A few countries have actually managed to get their debt levels down a bit. Sweden, which has its own currency, got its debt level down by 5.93% - well done Sweden. Within the Eurozone, the most successful countries have been the Netherlands (-2.68%), Austria (-1.70%), Slovenia (-1.48%) and Cypress (-1.40%). But, amusingly, Greece (-1.09%) actually did better than Germany, which only reduced its debt by -0.75%. But Lithuania, Luxembourg, Romania all had double digit percentage increases in debt, while French government debt increased 2.82% to reach €2.38 trillion. Meanwhile, the UK's debt also increased 2.92% to reach a record £1.892 trillion.
The tables also provide all these numbers in terms of GDP, but frankly, I find it more interesting to measure how things are going in hard cash numbers. Otherwise, you might be tempted to say that Germany's debt is minor, because it's a mere 59.8% of its GDP, compared with 98.1% for France, 117.7% for Portugal, 134.8% for Italy and 176.6% for poor old Greece.

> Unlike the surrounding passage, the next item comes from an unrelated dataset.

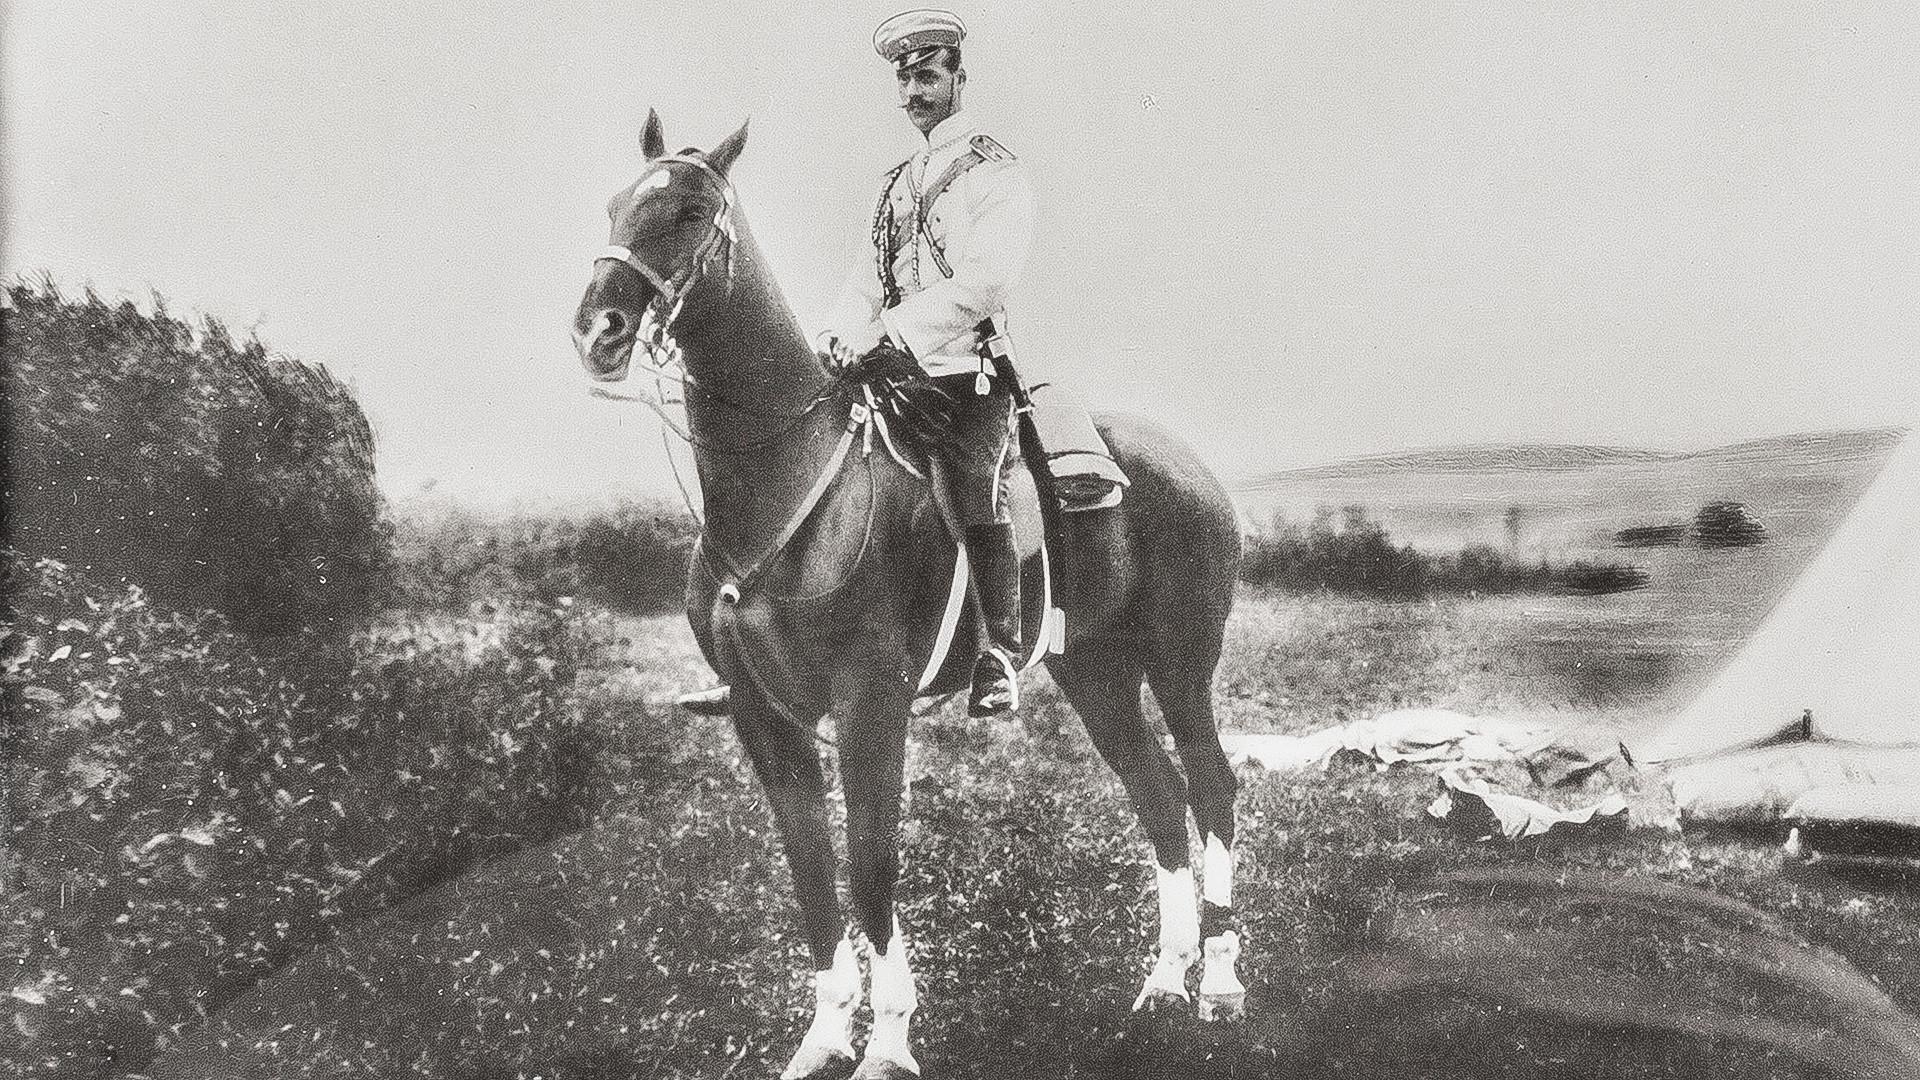 El 15 de marzo de 1917 el Gran Duque Mijaíl Alexándrovich, se convirtió en el zar ruso. Su reinado duró un día.

But Germany is has been over €2 trillion in debt every year since 2014. Is that something to be proud of?
The critical importance of these massive debt levels come in to sharp focus when you look at the other fascinating information provided in the new data - the staggering amounts of taxpayers' money that gets sent to banks, pension funds and the other rich investors who currently hold all our debt, and just have to sit back and wait for the money to arrive.
In 2019, Eurozone taxpayers handed out a generous €194,383,000,000 to these groups in interest payments. Now, I suppose the good news is that the number is down 8.66% on 2018. Some would argue that this is thanks to all the bond purchases made by the European Central Bank (via the secondary markets). This has meant that for some countries, interest rates on national debt has even gone negative. This seems to have been particularly successful for some countries. Sweden's interest payments are down a whopping 23%. Within the Eurozone, Ireland's payments dropped by an impressive 16.16%%, France's by 13.4% and Germany's by 13.18%. I suppose that does count as good news.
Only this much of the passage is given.